DATASET EXCERPTS:
--------
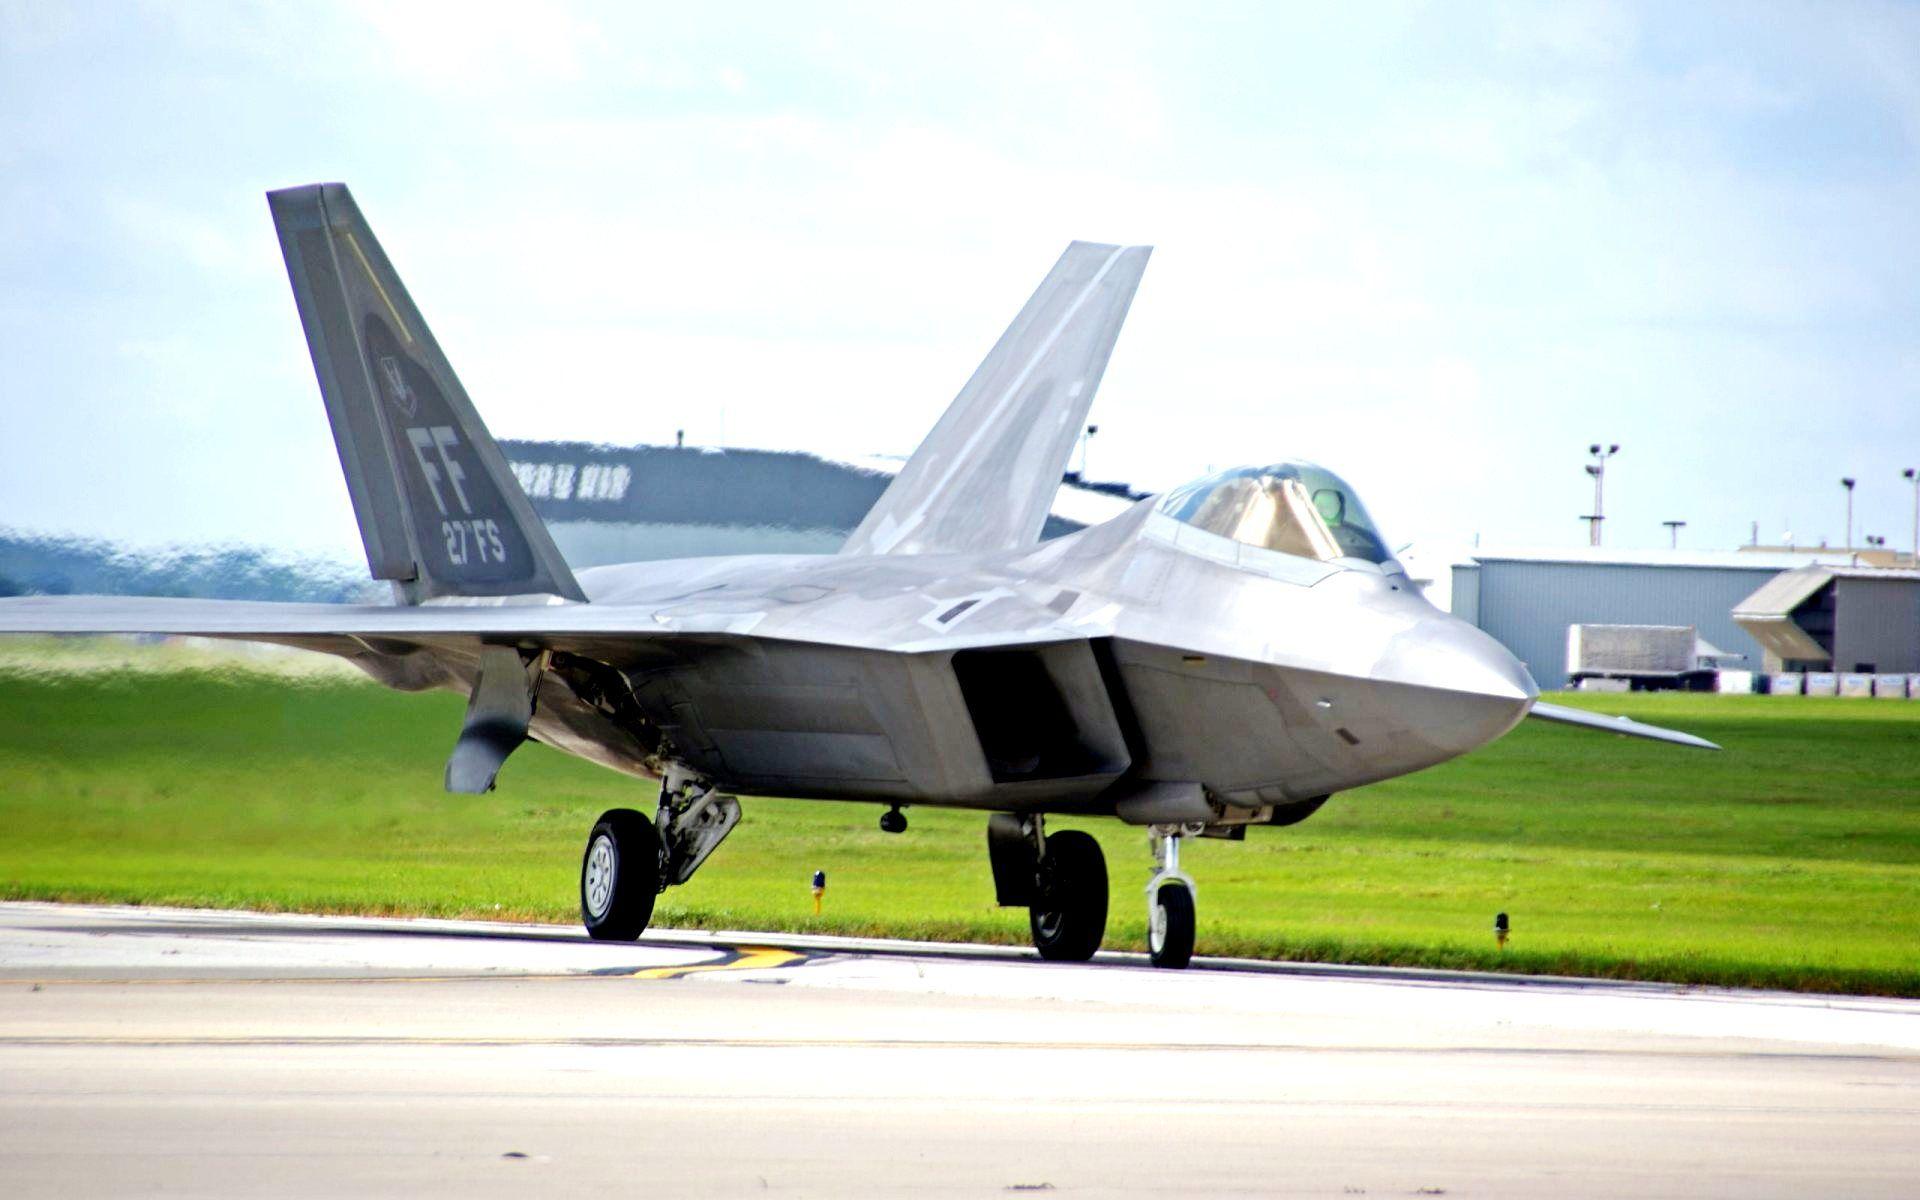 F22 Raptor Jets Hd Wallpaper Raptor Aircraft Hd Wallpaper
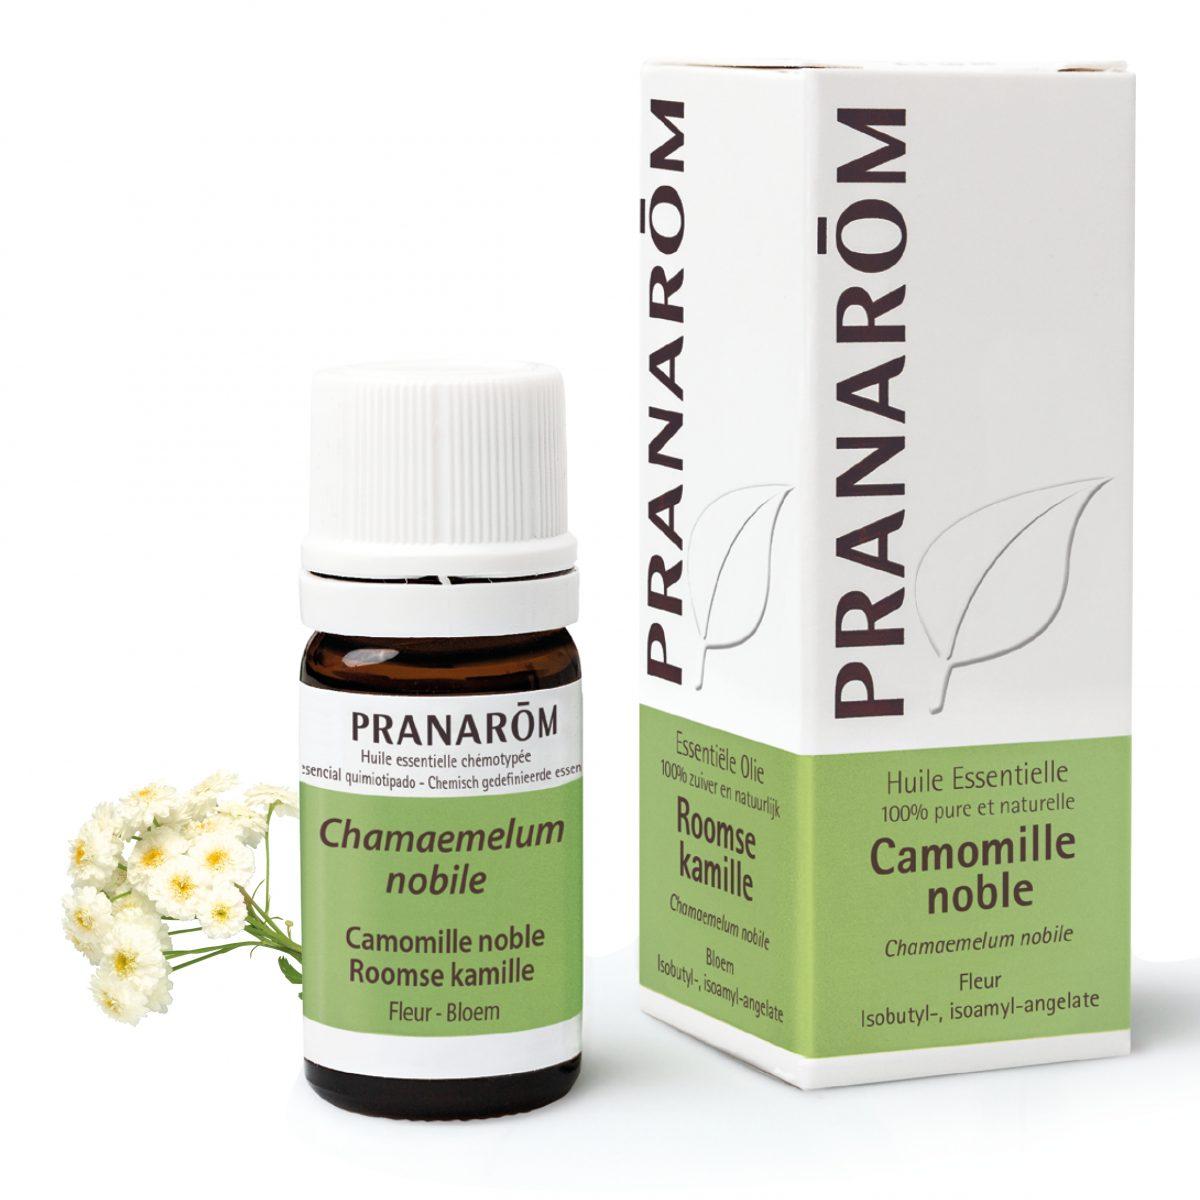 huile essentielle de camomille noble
--------
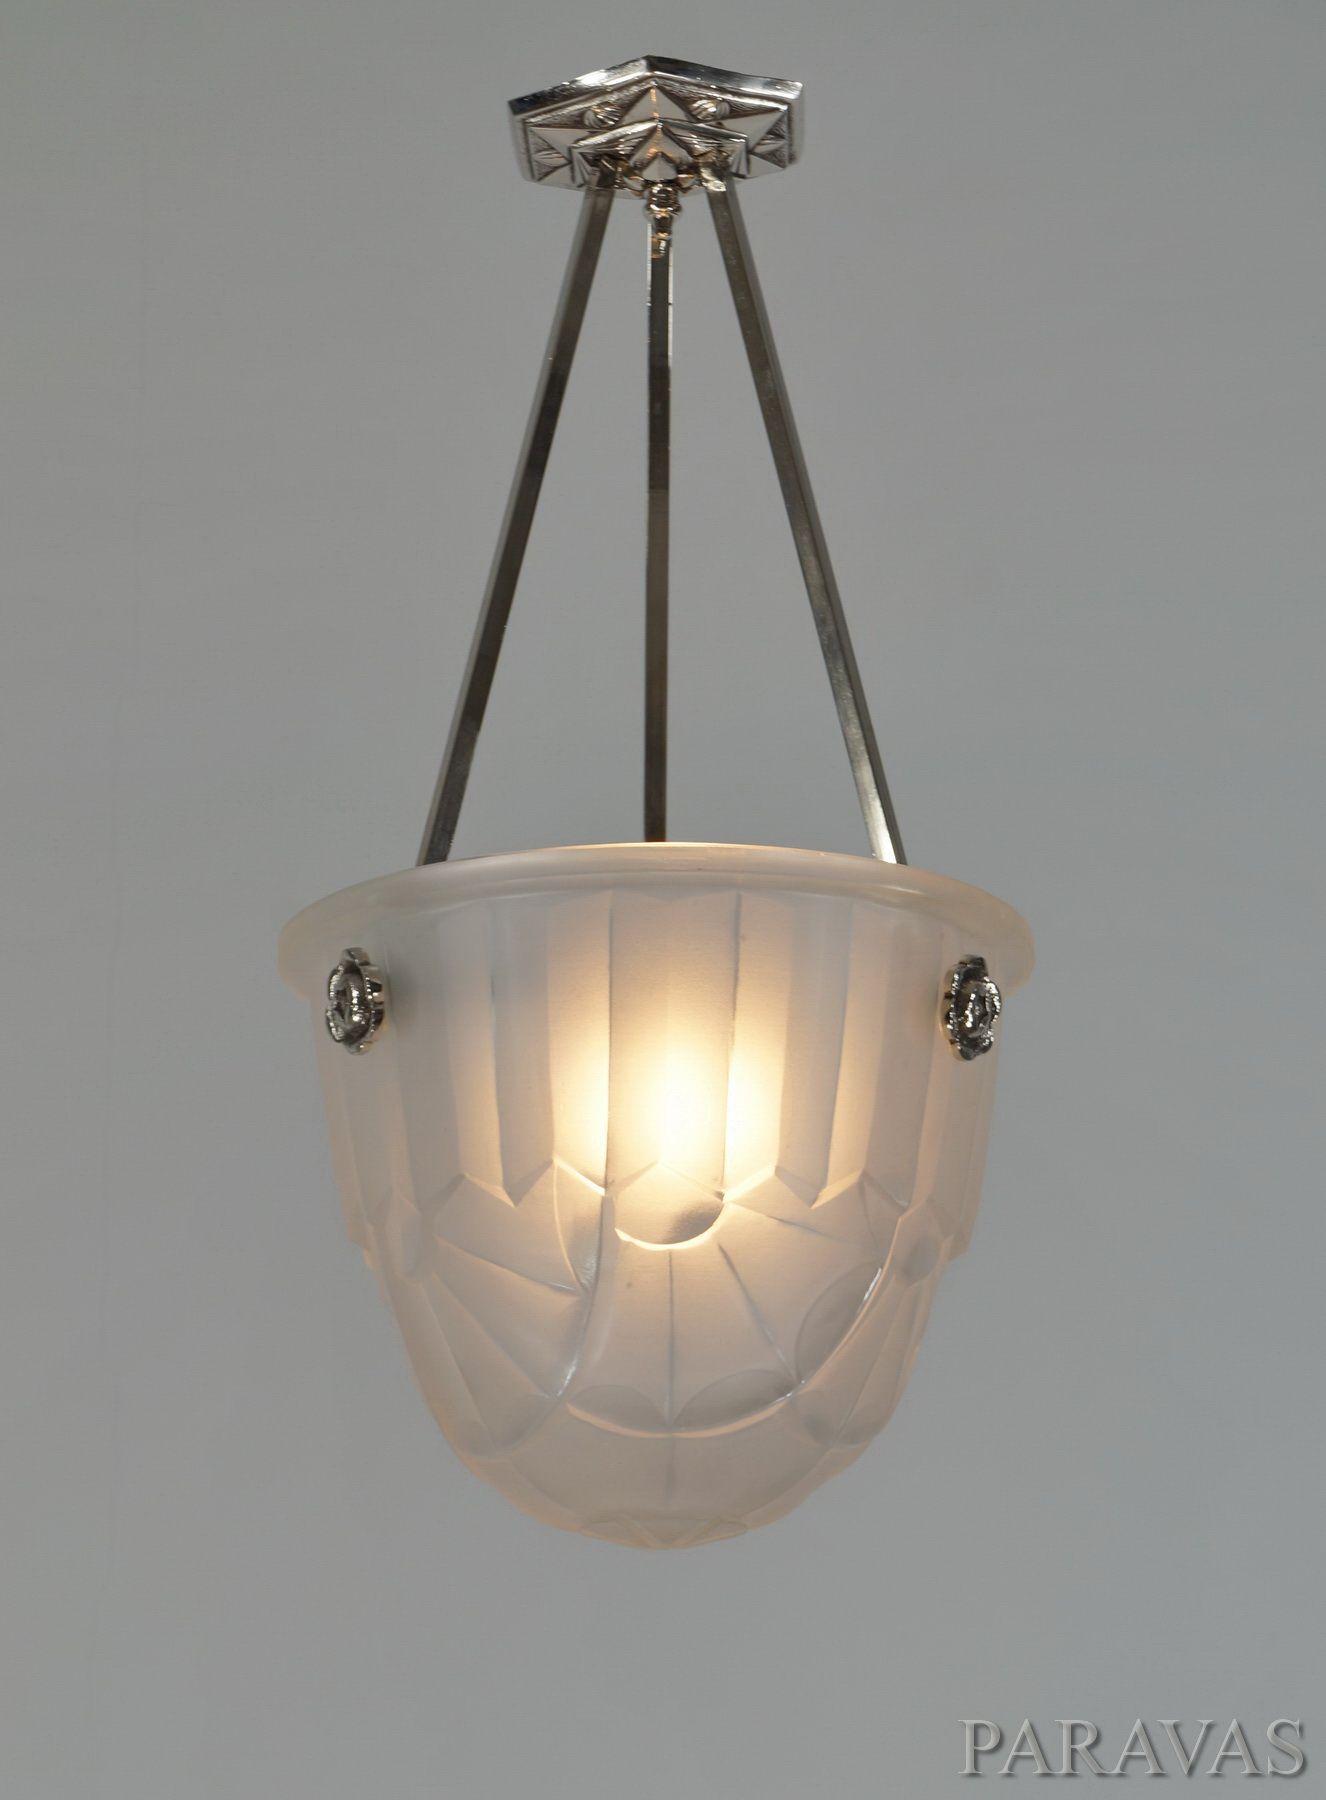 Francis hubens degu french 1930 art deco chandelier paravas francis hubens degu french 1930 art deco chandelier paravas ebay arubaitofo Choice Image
--------
EXERCISE OBJECTIVE: Look above for the line with "F22 Raptor Jets" and copy exactly from it through the line with "huile essentielle de camomille noble", both included. Omit the pictures.

RESULT OF THIS EXERCISE:
 F22 Raptor Jets Hd Wallpaper Raptor Aircraft Hd Wallpaper
 huile essentielle de camomille noble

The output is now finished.